The V

There are places so powerful that they become part of life, part of your emotional geography.   You experience them once, and they never leave you.   To experience such a place can be exhilarating or it can be frightening because you know you will live with the memory forever.  The Vietnam Memorial in Washington DC is one such place.

I grew up with the Vietnam War.  The escalation in the mid-60s was frequently the top story of the evening news, and more importantly a central theme for the ’68 generation that several of my sisters belonged to.   We knew the names of all the politicians both on the Vietnam and the US side, we knew the location of the battles, and I knew exactly what my sisters thought of the whole thing and of the American leaders behind it – LBJ, McNamara, Westmoreland.   In the US, the War was at the center of a deep social conflict.  In Europe, it was a symbol of the rebellion of a generation.

It was only several years after the end of the War that the public and authorities in the US agreed that the country needed a memorial for the men and women that died or went missing in that awful and hated war.  Just like the war itself, the design and implementation was controversial.   It was the project of a 21-year old student, Maya Lin, and nothing like the neo-classical designs of the existing monuments in Washington.   Initially, the design did not include the names of the fallen and missing.  They were added to the plans later under pressure from groups opposed to the stark design proposed by Lin.  In addition, two traditional sculptures were added to soften the controversy of the dark, minimalist design.  Whatever the memorial is today, I only remember the black V sinking into the ground, a gash.

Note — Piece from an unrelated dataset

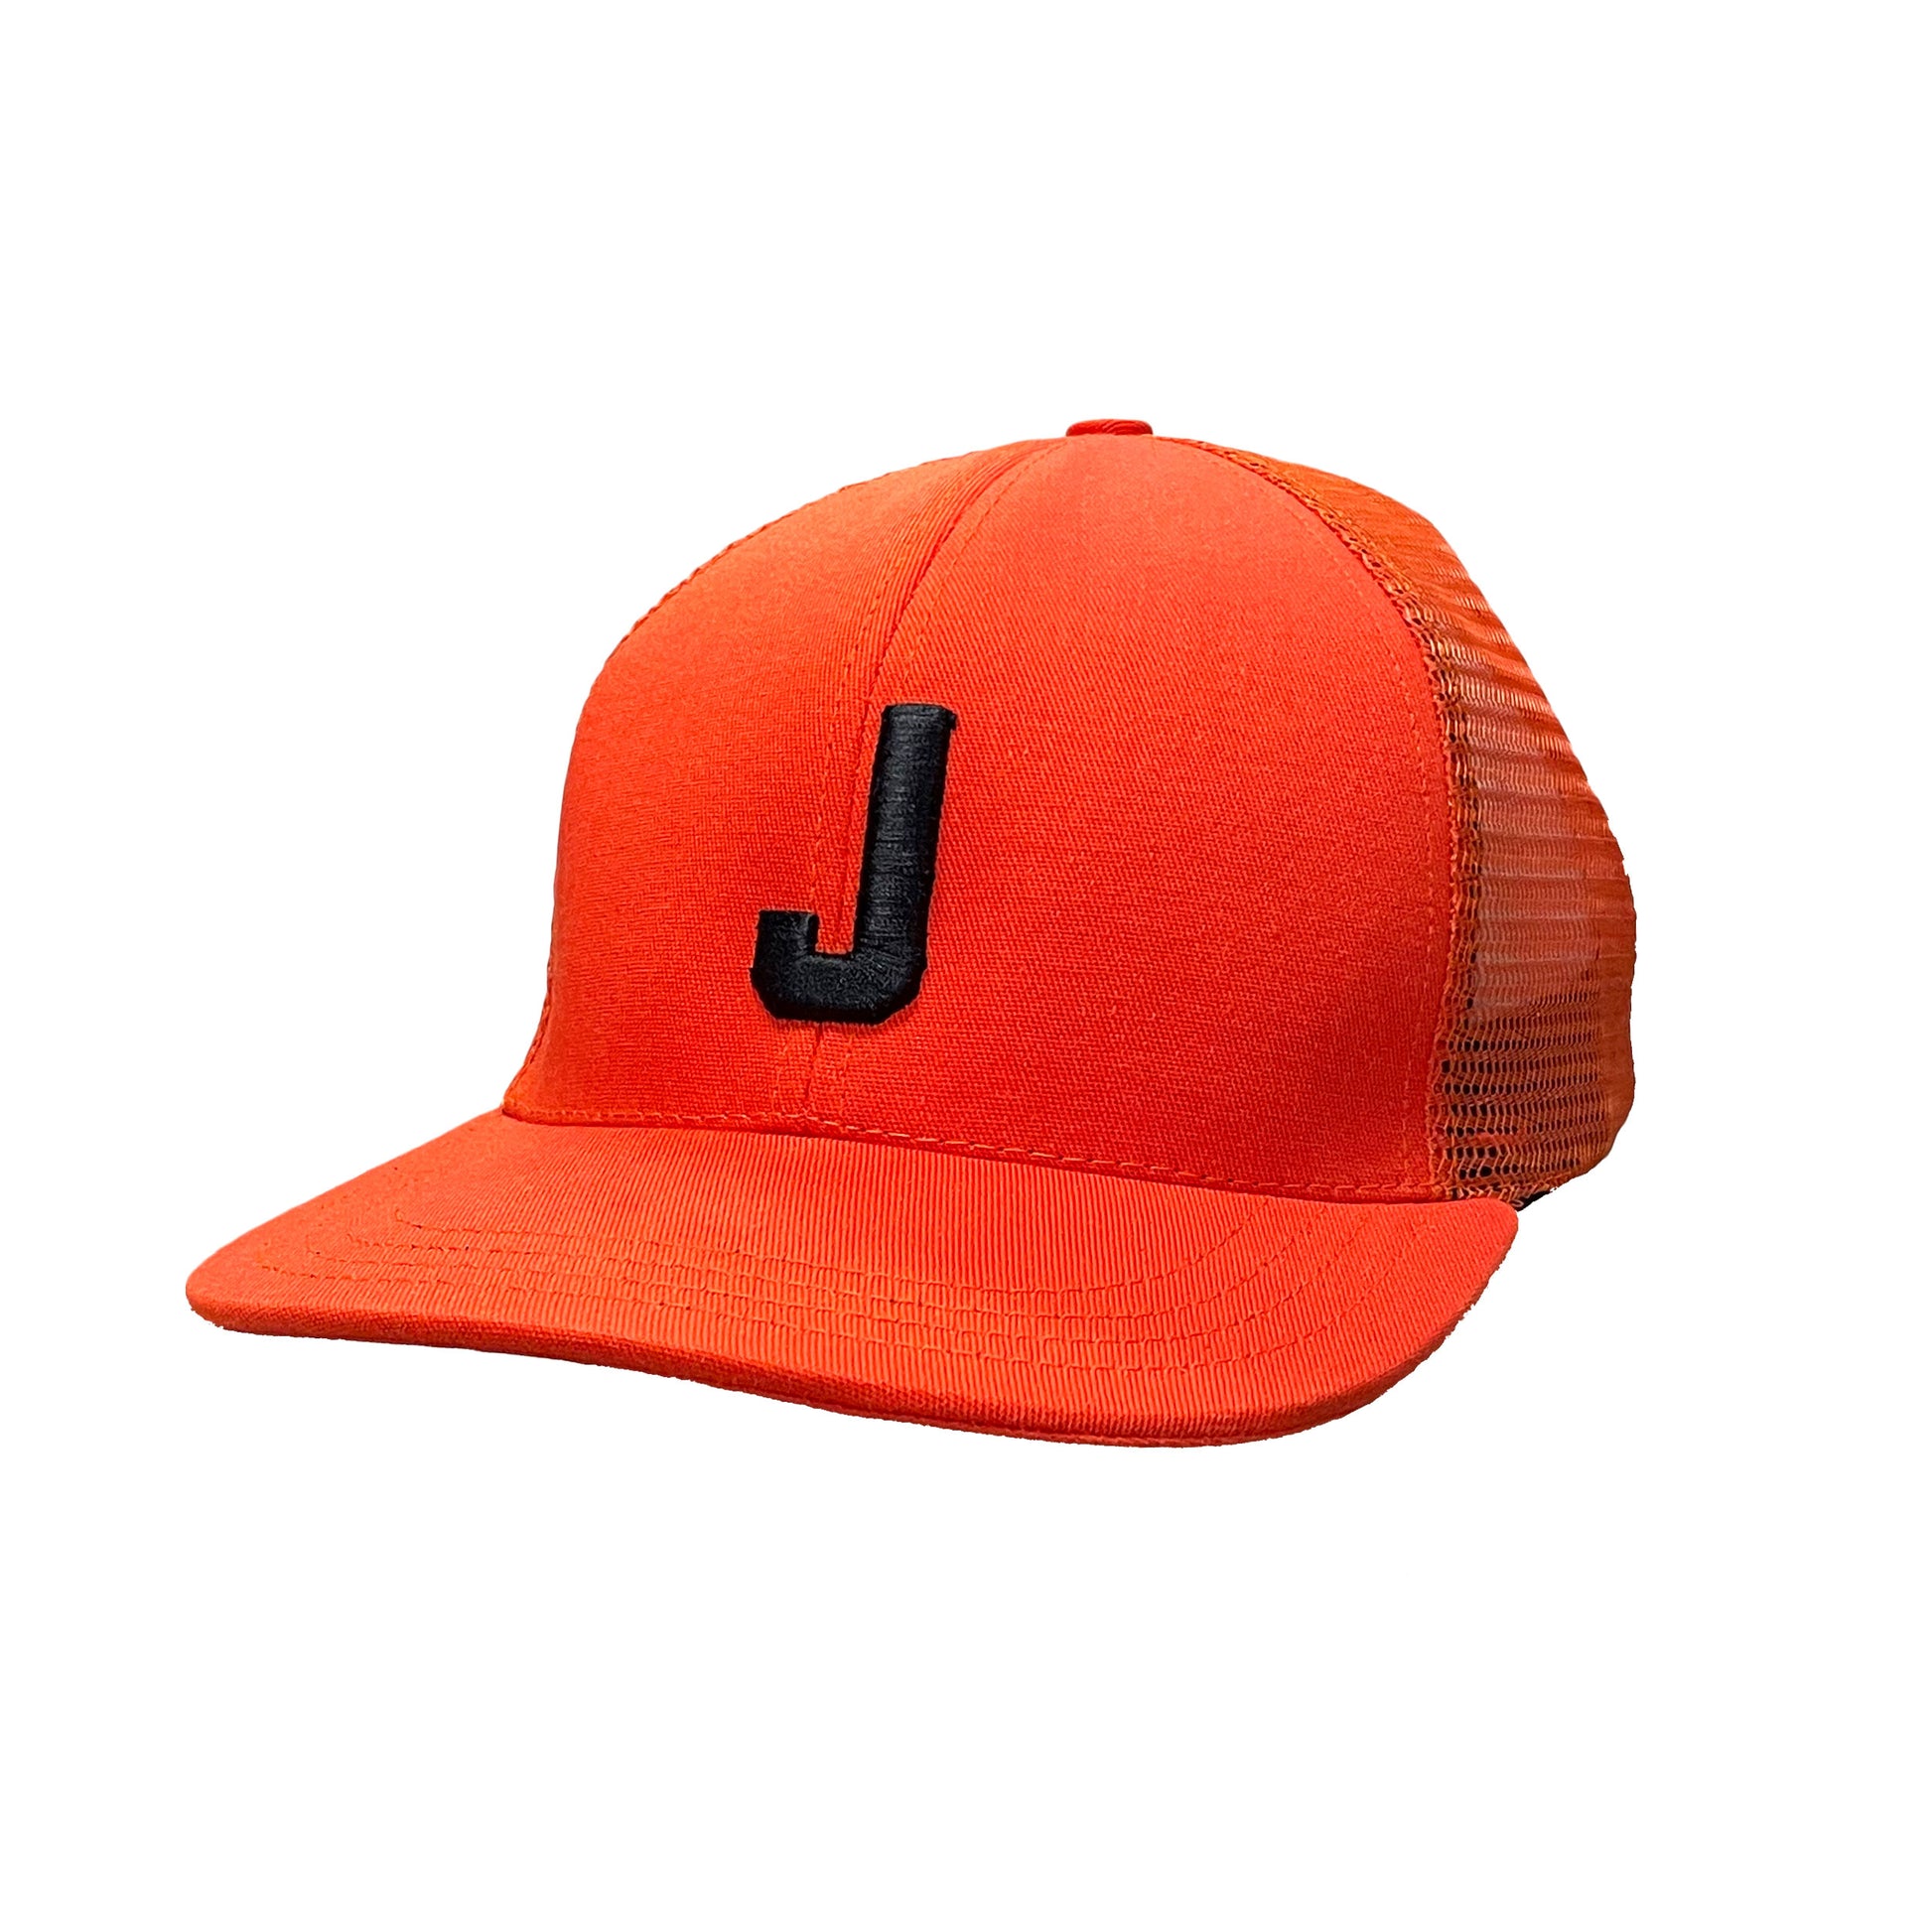 J Orange Trucker hat side view
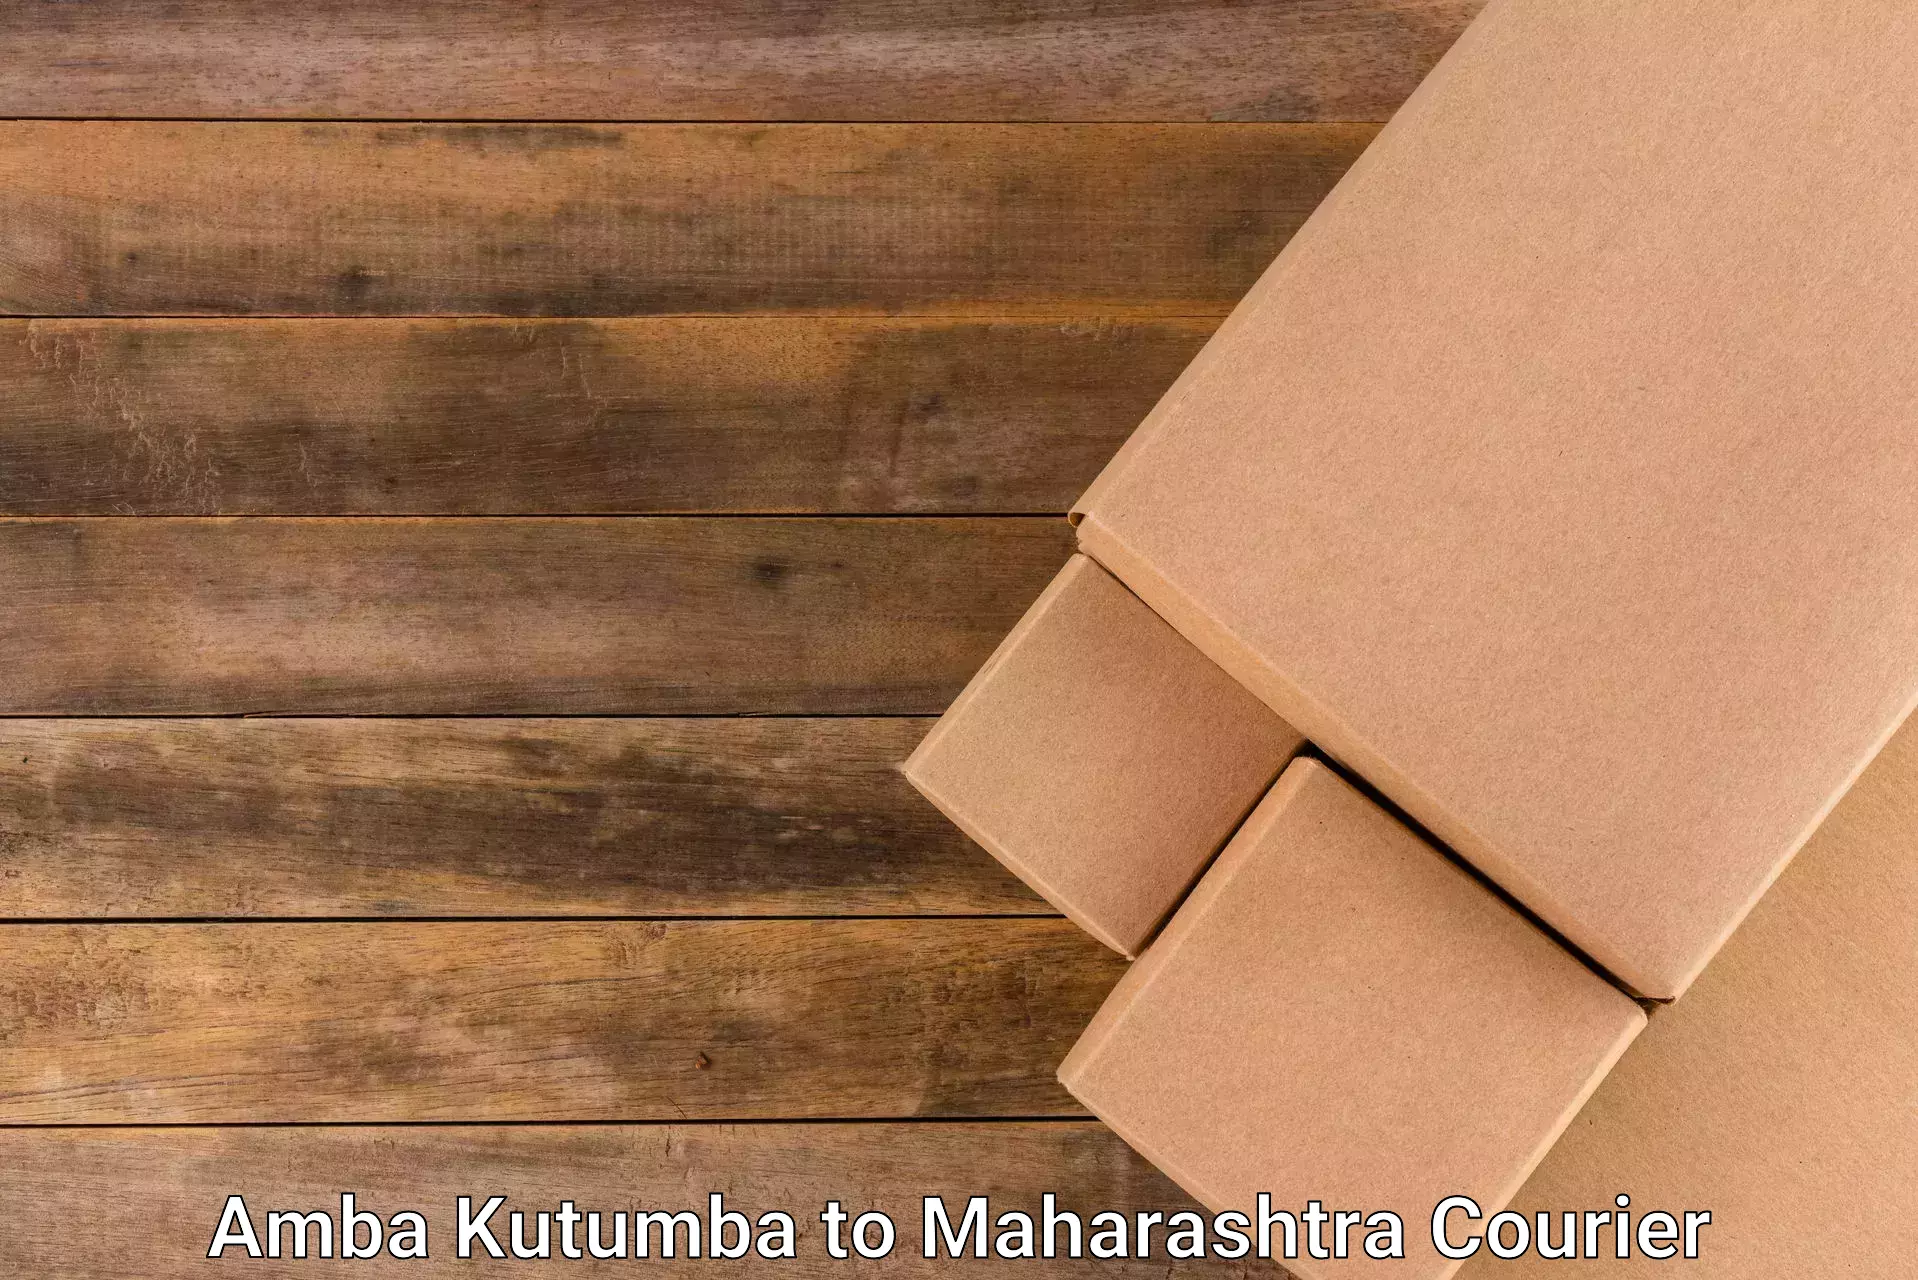 Streamlined delivery processes Amba Kutumba to Maharashtra

I visited the memorial in the mid-1980s while living in DC.    It was off to the side of the Mall, the central axis of the Washington memorials.   I walked towards it without seeing much because not much shows;  the structure is dug into the ground.  As I approached, I felt the inevitable, downward slope.  An oppressive silence enveloped the moment.  

A couple of park rangers in their cartoon-like uniforms were there.  A few veterans, too, not in good shape.  They must have been there for some time.  Homeless maybe.  Dressed in an unsettling combination of military apparel, medals, jeans and t-shirts.  Untidy beards, placards, stressed looks and voices, needing physical and possibly mental care.  A few groups of families had gathered to look for names of loved ones.   Many were rubbing a piece of paper with a pencil against a name on the wall hoping to bring home proof that the Nation cared about their ultimate sacrifice.  The gesture felt desperate almost childish against the backdrop of the black wall and the depth of the V.

At the bottom of the slope, I found myself at the center of the V.    There was no further to go.  The V was deep here, the walls tall and forbidding.   They drank the sunlight and left only shade and silence.  However you approached the memorial, this was where you ended up driven by the topography of the site.  You were moved down and down until you could not move any further.  In the end, we were all at the dead-end, the bottom of this hopeless V. 

It took effort to move away.  It required confidence that there was hope beyond the pointless depth of the V.   It required emotional energy to move away from the dark energy that drew us all to the center of the V.    

I moved slowly up the slope, still along the wall.  The fallen and missing stayed, their names immobile on the wall.   I managed to move on and to pull myself out of this moment of paralysis and hopelessness.   The black walls slowly lost their draw.   I felt seen and loved again.  The appetite for life returned.   The pull of the slope towards the bottom of the V got weaker.   I moved away, with a memory for life.